In short, the kid can really sing.
"I've always heard a certain musicality to it, and it's almost like he's scoring a movie," Erskine says. "And so I was just curious about what it was about that voice. Why it resonated.
"And it wasn't just that he had such great content. I mean, one time in a game in Miami he said, 'You know, it's so hot today the moon got sunburn.'
"But there was also just something about how reassuring the voice was, and I wanted to study that a little bit more.
"I talked to Chris Sampson, who's a professor of popular music at USC, and a colleague of his, Jeffrey Allen, who's a professor of vocal music down there. I just picked out a couple of professors on their media site, and there was a guy with a guitar, and I go like, 'He looks like he's a baseball fan.' And that was Sampson. And Sampson in 30 seconds — I sent him a note saying what I was up to — and he got back to me in 30 seconds and says, 'This is the best email I've ever gotten.' And I go, 'Well, you haven't gotten very many, obviously.'
"I sent him some audio clips of Vin's calls, and of course, he has some iconic calls."

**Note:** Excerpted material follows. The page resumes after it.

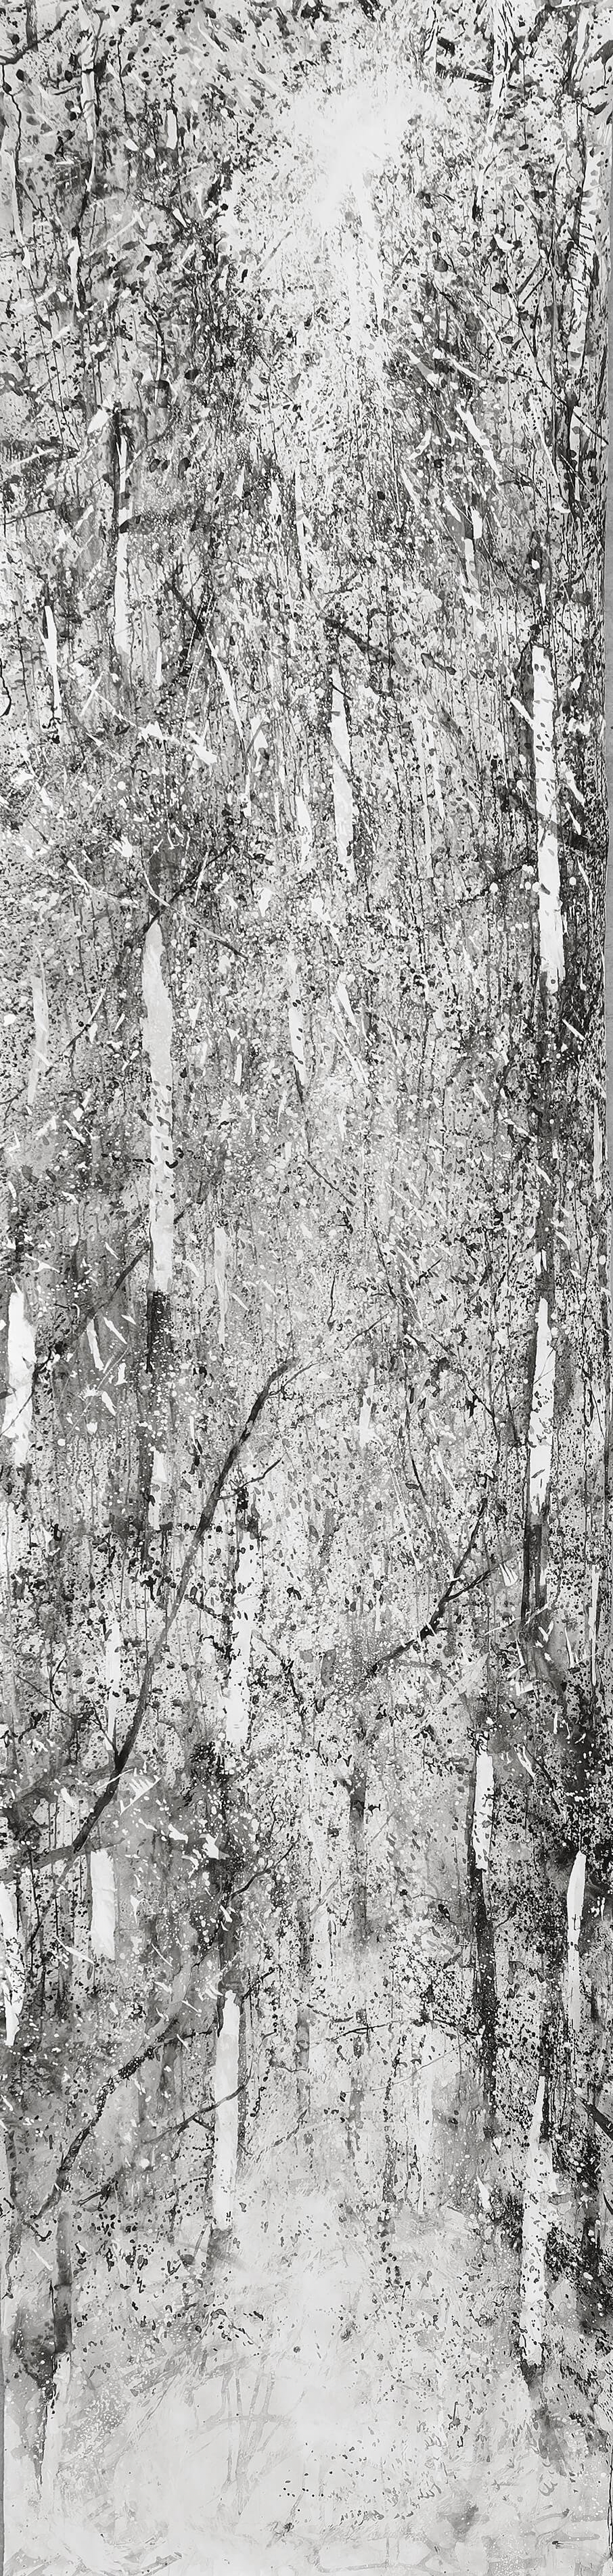 RHSK124 Descending Light in Tengudake Forest ( Ink on Paper ) 560 x 136 cm

He's solo in the booth. He has no sidekick. They're not yammering on endlessly about this or that.Chris Erskine
Take, for example, Scully saying, "He dances down at third," in the 1955 World Series.
"That was when Jackie Robinson was on third base," Erskine says. "This is not the glory years of Jackie Robinson. He was — in 1953, he was diagnosed with diabetes and heart congestion, a failing heart. So, here he is two years later. He's not in his prime, but he still has great flashes of brilliance — and he dances down at third. He dances down at third.

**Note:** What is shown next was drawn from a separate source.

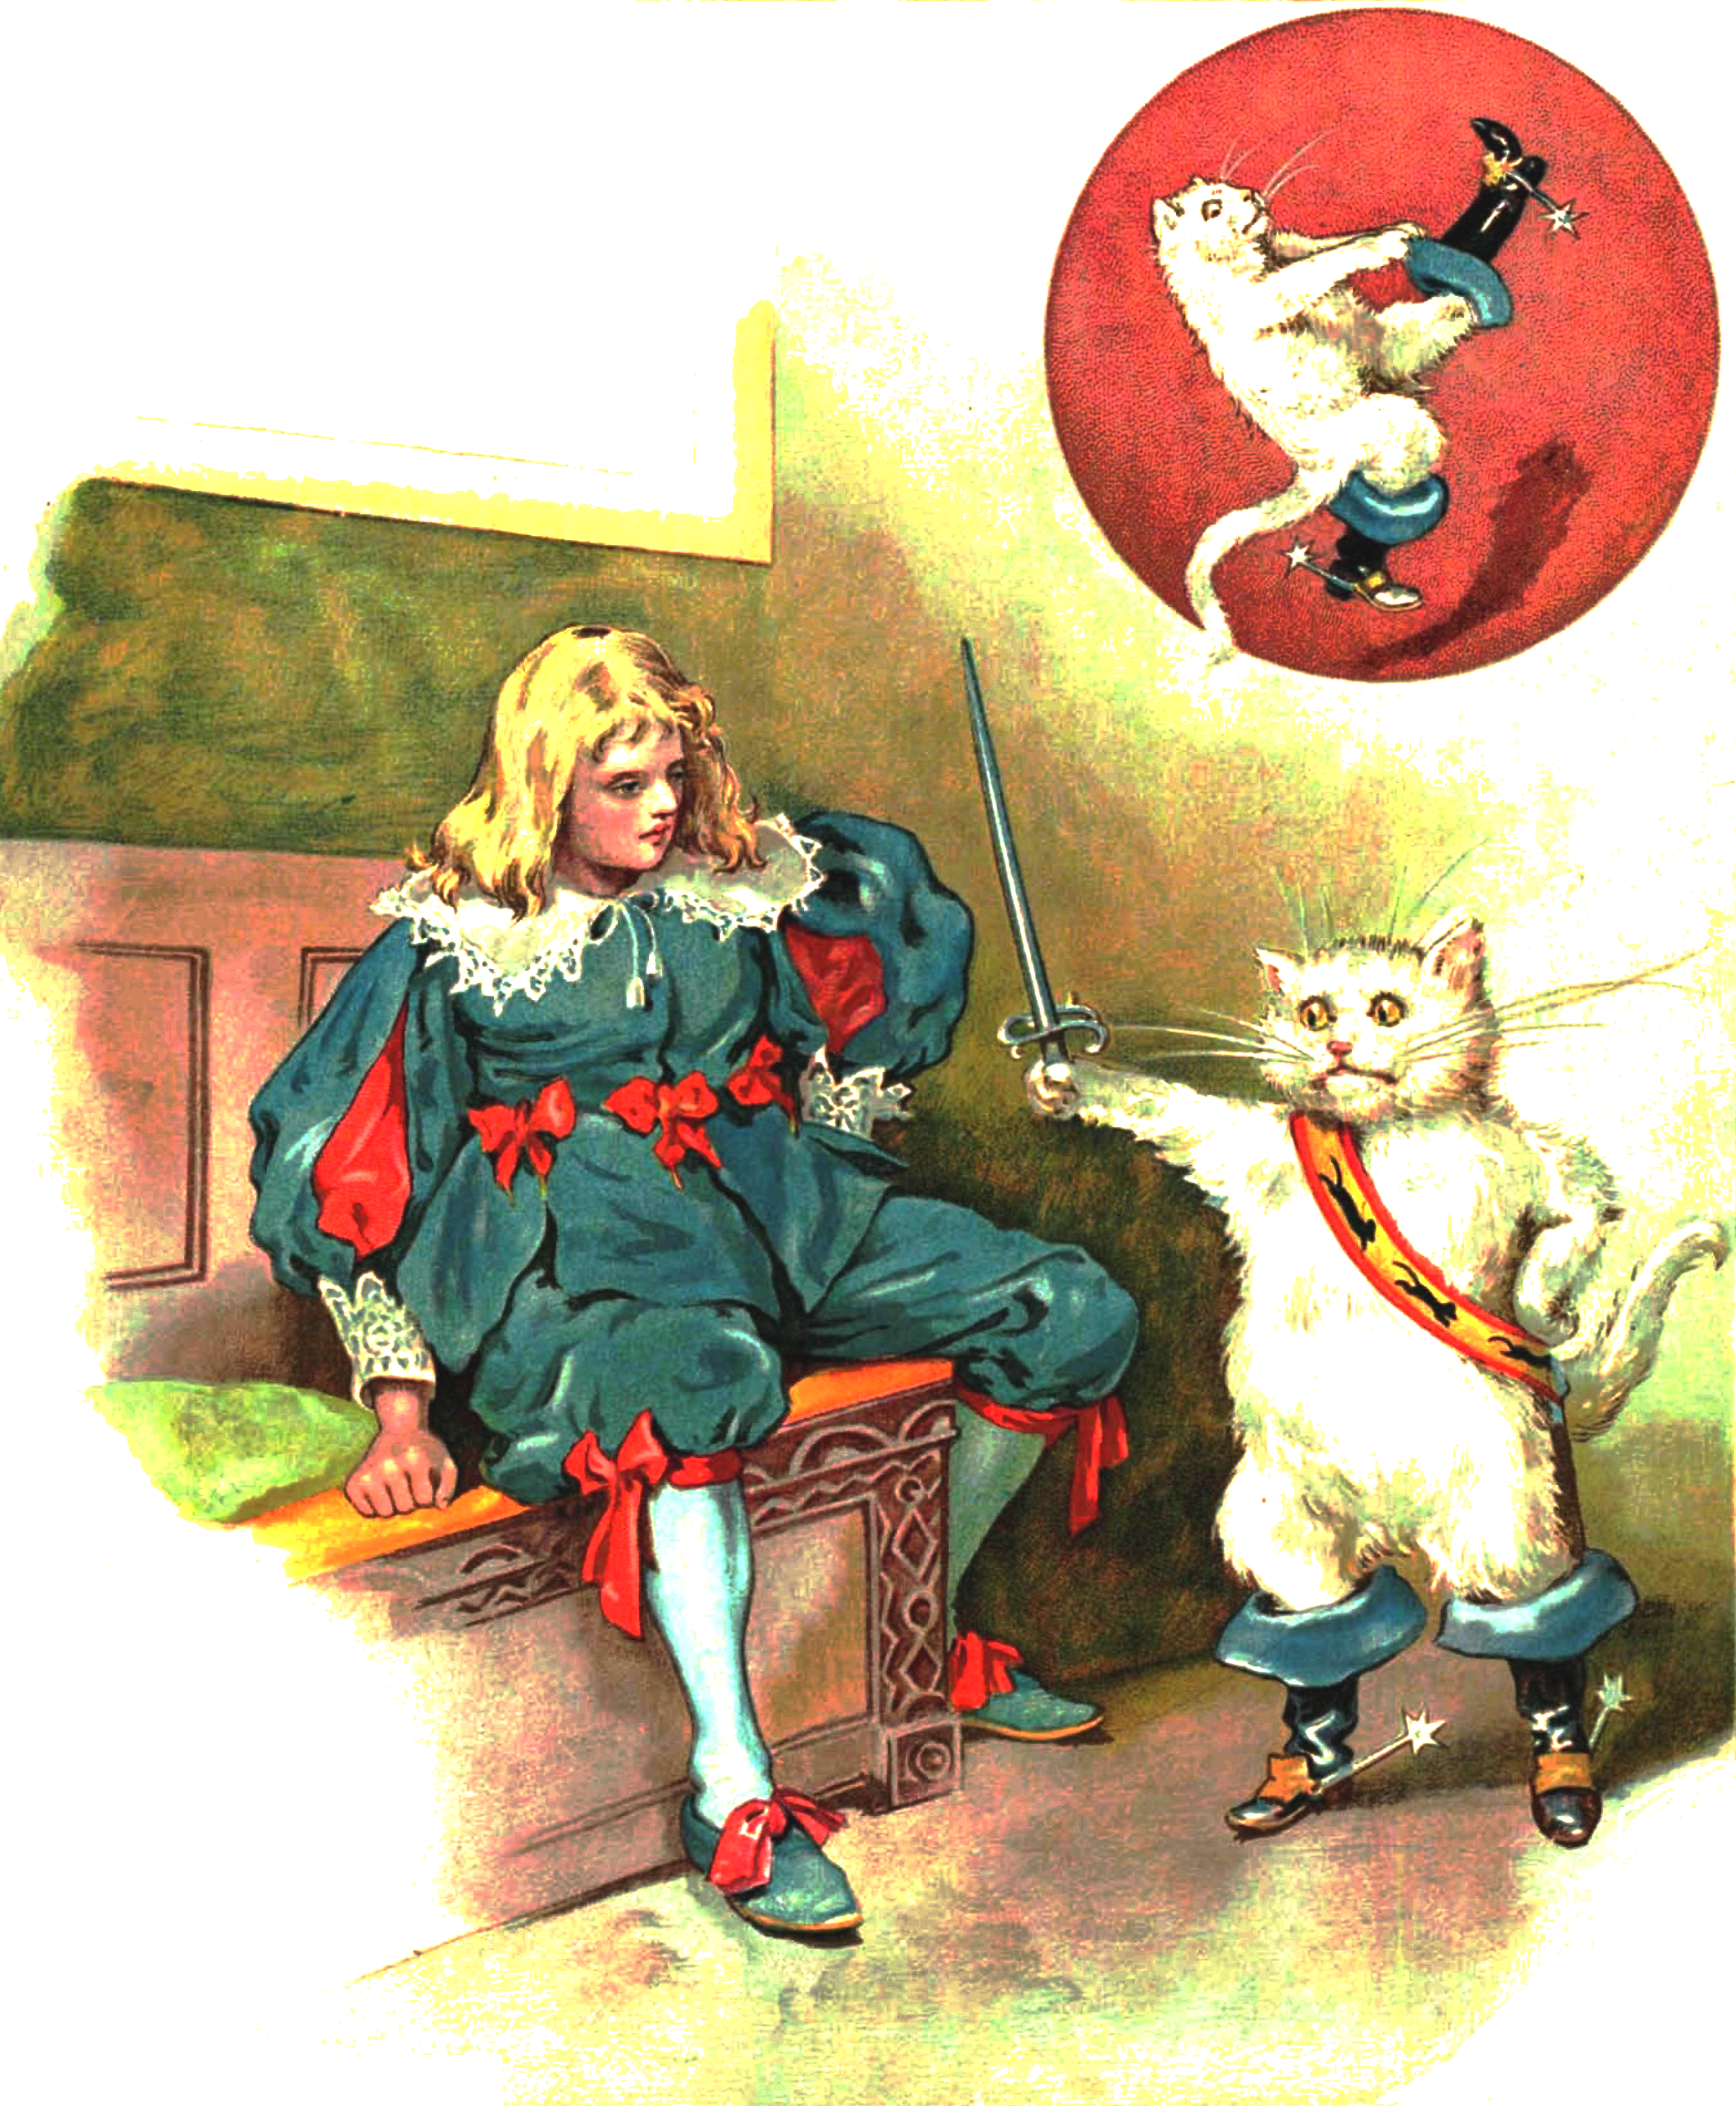 Filekot W Butach Artur Oppman Page 0004apng Wikimedia Commons

"That is just the sort of alliteration that you will see in a pop song, because what songwriters will do is look for that hook, that alliteration and that little bit of pop. And that's exactly what Scully had done on that call.

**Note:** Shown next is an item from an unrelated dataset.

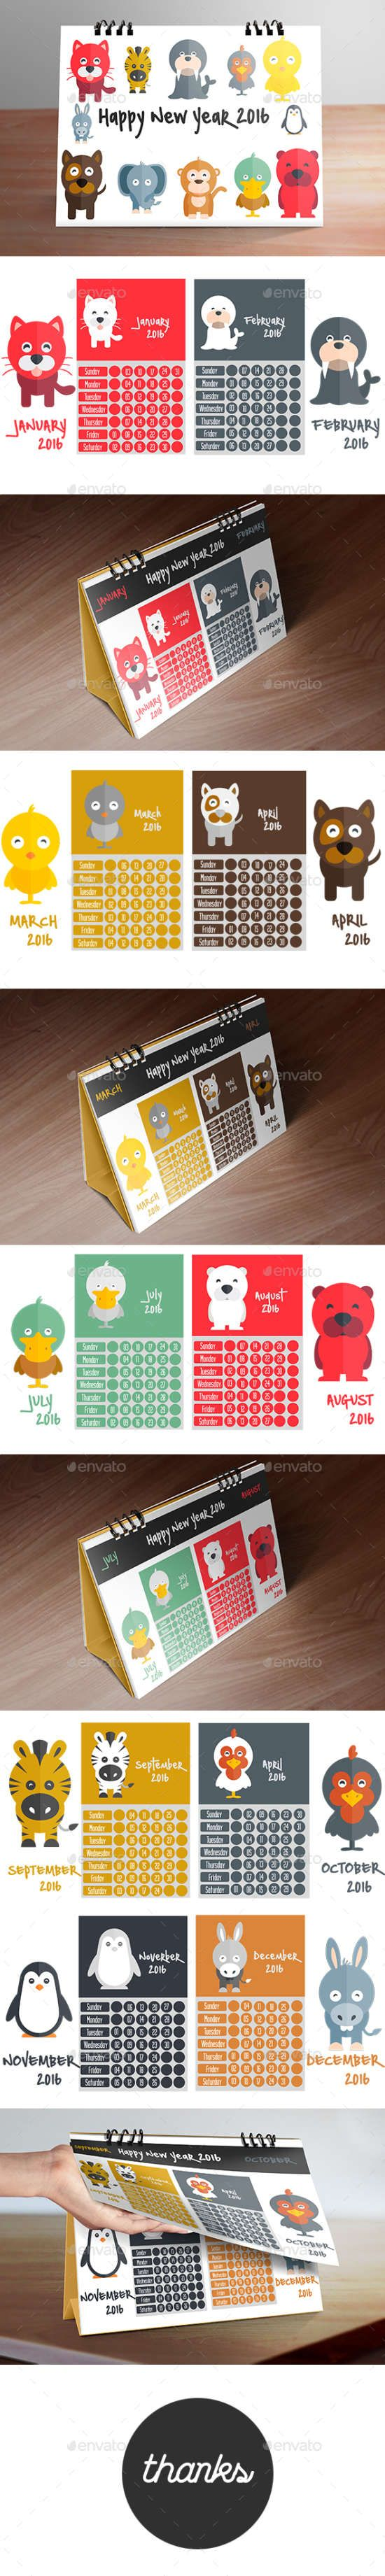 calendar 2016 (kid desk calendar designing)

"Chris Sampson poured it into his computer and analyzed it that way. He says, 'It's got swing to it,' and he starts snapping his fingers. He goes, 'It's just swingin.'
"He sort of superimposed Scully's call over this piano beat and, sure enough, it's there. He just stays in cadence, he stays on the beat. And that just blew Sampson away.
"It was a perfect way to make the point that there is this great rhythm, this great swing to Scully's voice, and it was also a way to show why these moments sort of stay in our head.
It's Not Analysis, It's A Concert
"He's solo in the booth. He has no sidekick. They're not yammering on endlessly about this or that. He's very tuned into the game, and he's telling his anecdotes. He really is masterful."
Another iconic Scully clip is from the last at bat in Sandy Koufax's perfect game: "Two and two to Harvey Kuenn, one strike away."
"It's almost like a jazz riff," Erskine says. "The last at bat in Sandy Koufax's perfect game, a legendary game for Dodger fans, of course, and part of the lore of Sandy Koufax. And now, in turn, part of the lore of Vin Scully.
"Vin is — as accessible as he is — he's kind of a recluse, but I have enough of a relationship with him that I can say, 'Hey Vin, we've done this crazy thing. I know you're going to mock it, because that's the kind of guy you are, but, you know, hear me out.'
"And so I explain that I had a couple of clips and I go, 'I'd like you to listen to 'em.' So sure enough he listens to 'em and he gets back to me and he says, 'You know, this is too clever by half for me.'
"He was, you know, in the end very flattered but he doesn't know how he does it. It was just kind of a mystery to him."
This segment aired on April 9, 2016.